Today the Giants announced the signing of veteran outfielder Matt Joyce. After a dreadful season with the A’s last year (.208/.322/.353 in 246 PAs), he is looking to rebound with his second team of the spring. He was with the Indians for the better part of ST so far, but the Indians told him he was not making the roster. The Giants also have signed veteran Gerardo Parra on a minor league deal, and he is also competing with a rule 5 pick Drew Ferguson. 


Notes

  • Twins released 1B Lucas Duda
  • Brewers released SP Josh Tomlin
  • Mookie Betts does not believe they will reach an extension before before he gets to free agency



Stat of the Day – SWEET SPOT

Colloquially, a player who hits the ball solidly is said to have gotten the “sweet spot” of the bat on the ball. The sweet spot classification quantifies that as a batted-ball event with a launch angle between eight and 32 degrees.

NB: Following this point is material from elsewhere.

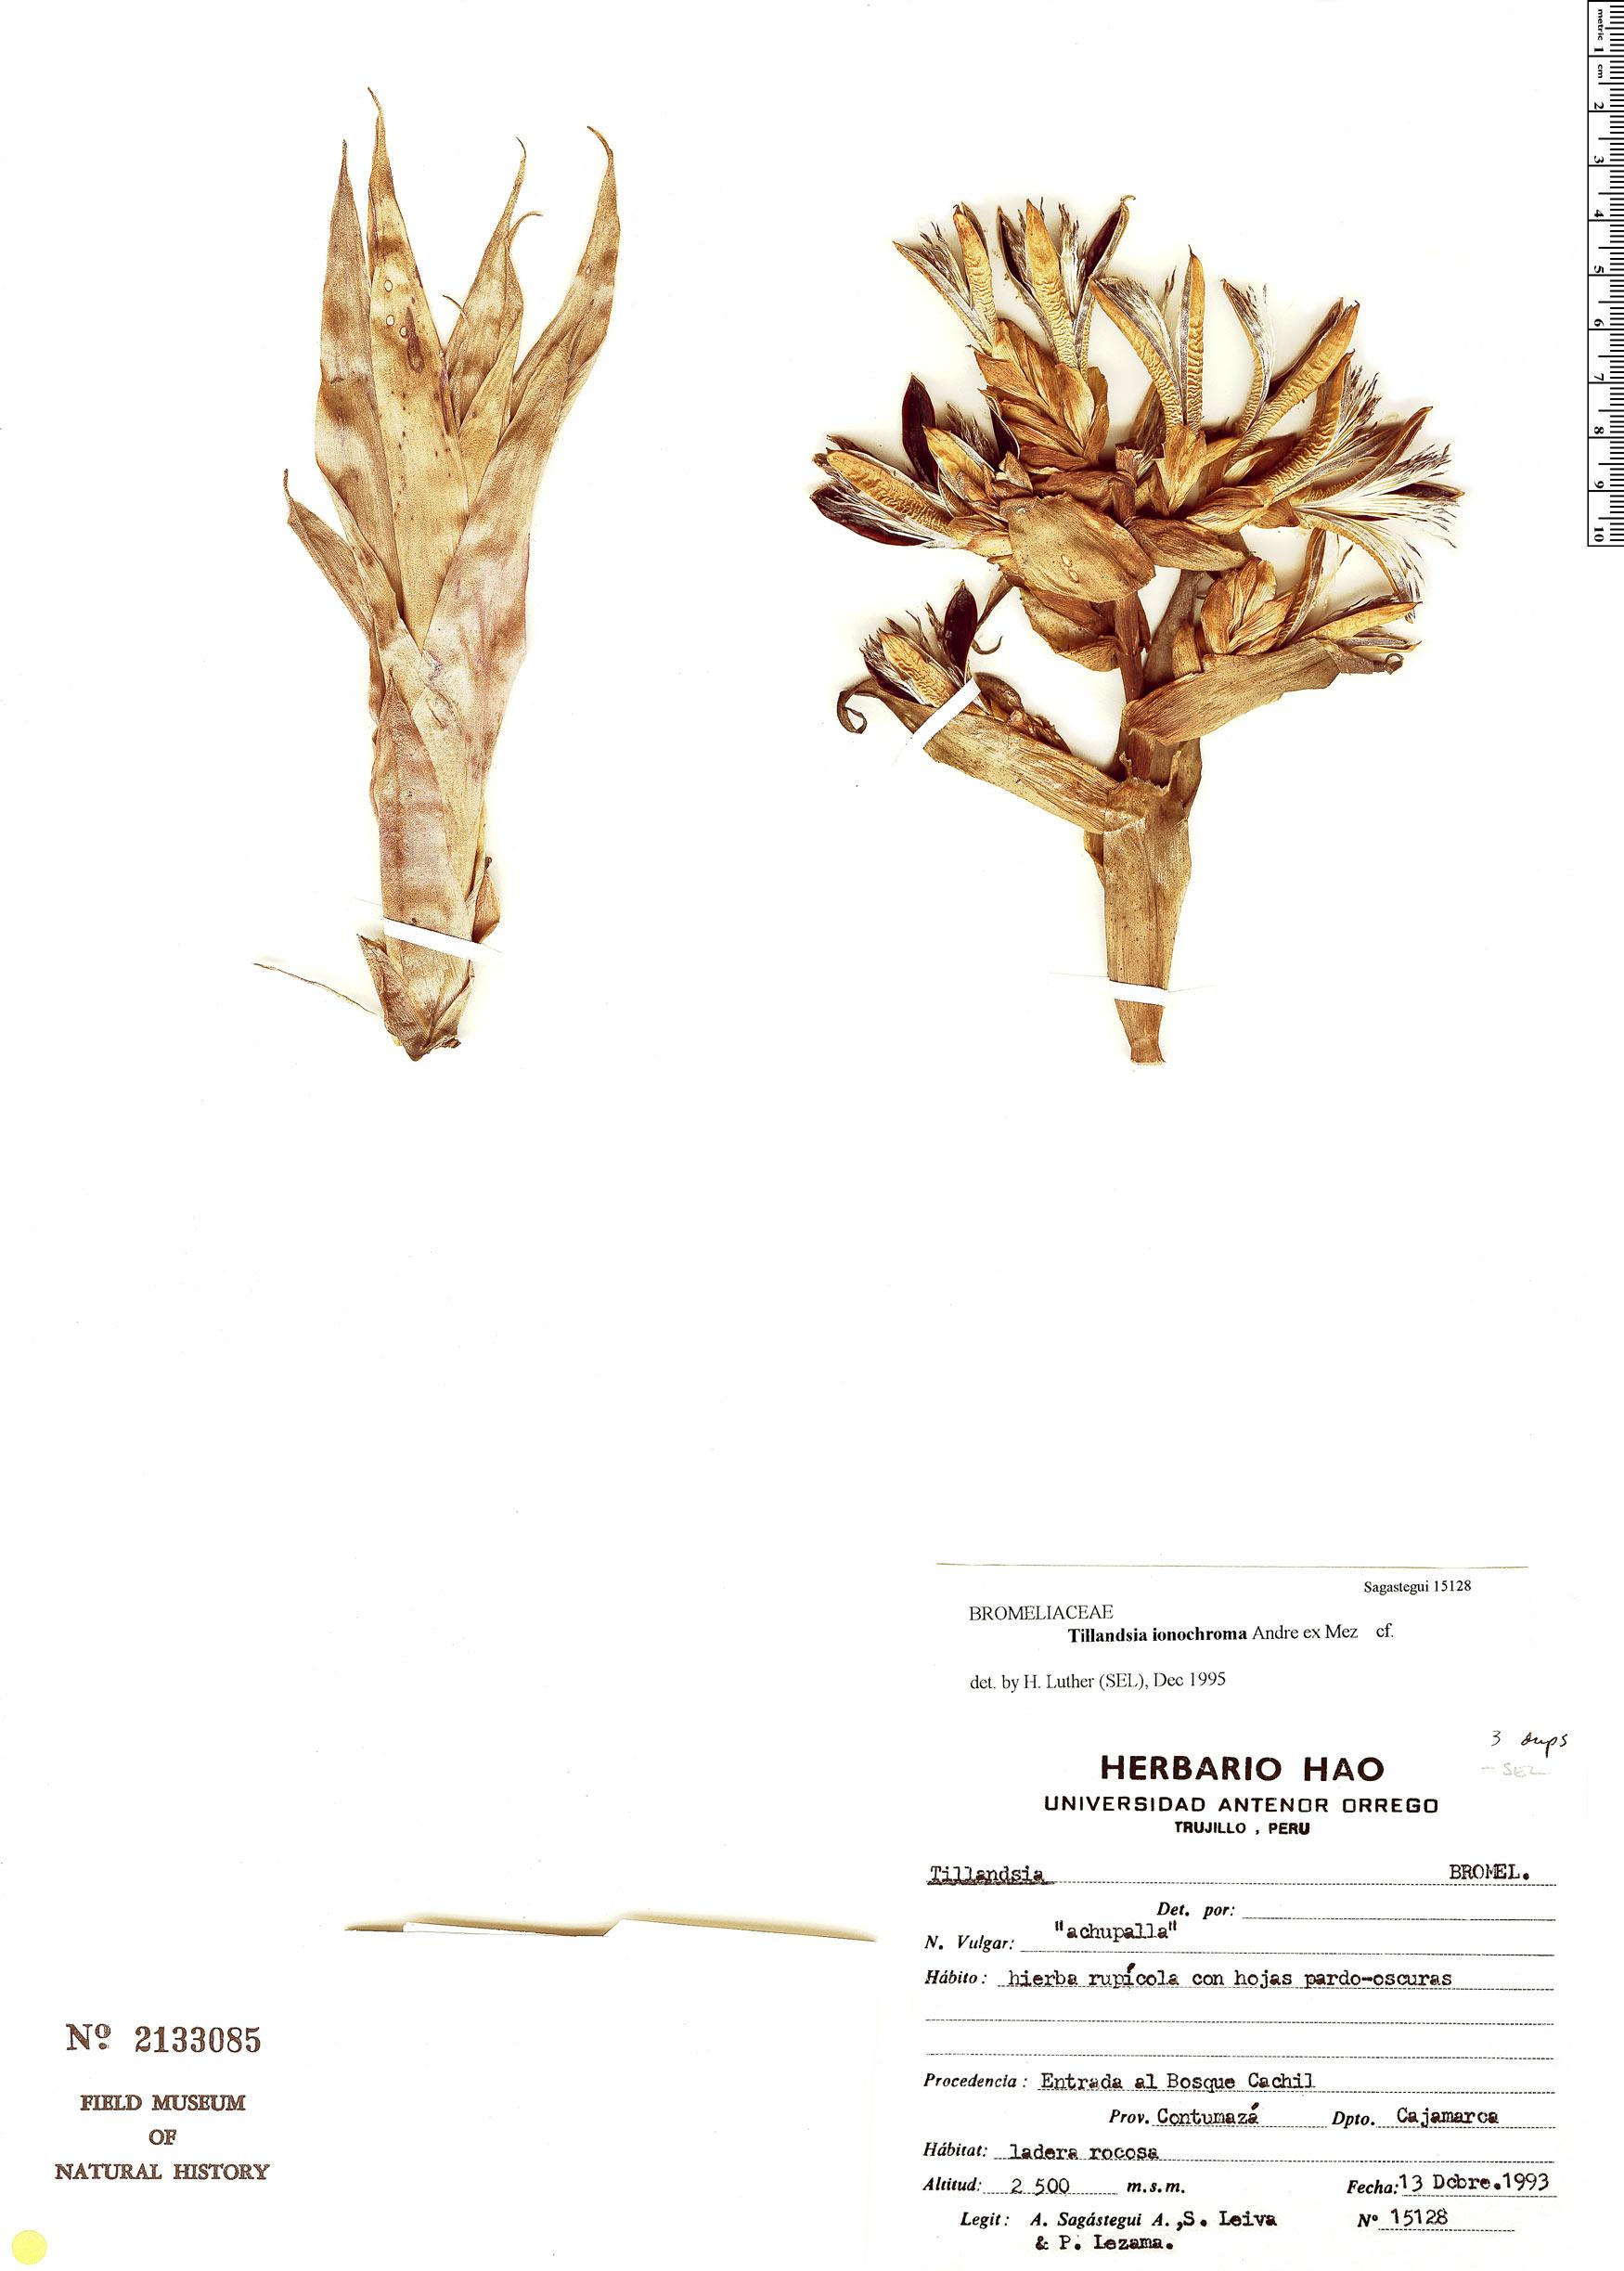 Specimen: Tillandsia ionochroma
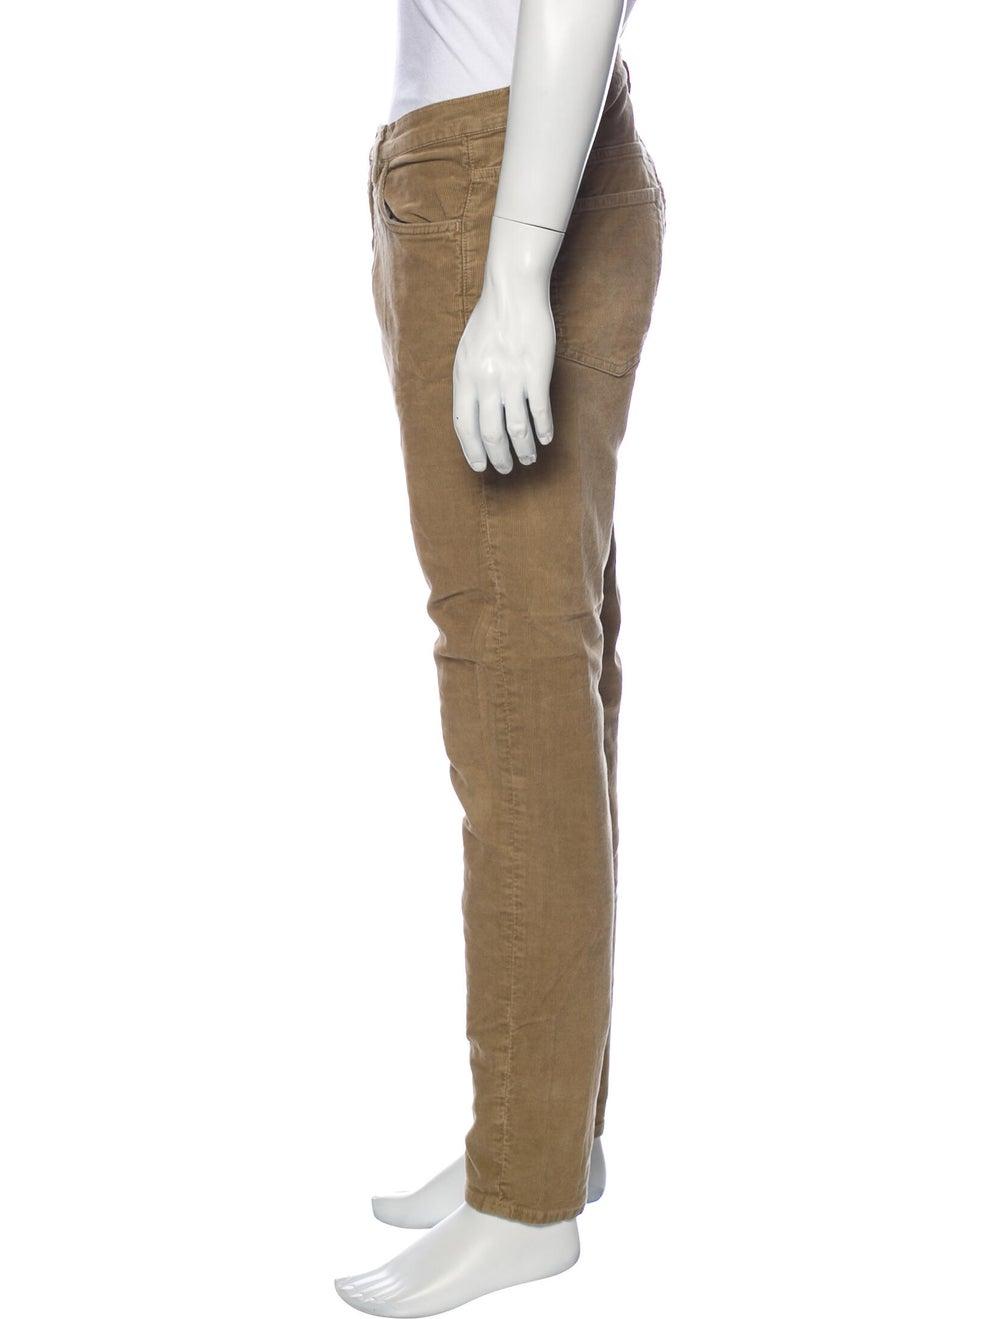 Acne Studios Corduroy Corduroy Pants - image 2

A player’s sweet spot percentage — or how often he produces a batted-ball event with a launch angle between eight and 32 degrees — is presented on Statcast leaderboards under SwSp%.

Why it’s useful

While the sweet spot classification does not include exit velocity and thus doesn’t tell the complete story of a batted-ball event, players with a high sweet spot percentage are putting themselves in greater position to succeed. In 2018, Major Leaguers posted a 1.099 slugging percentage on batted balls with a launch angle between eight and 32 degrees.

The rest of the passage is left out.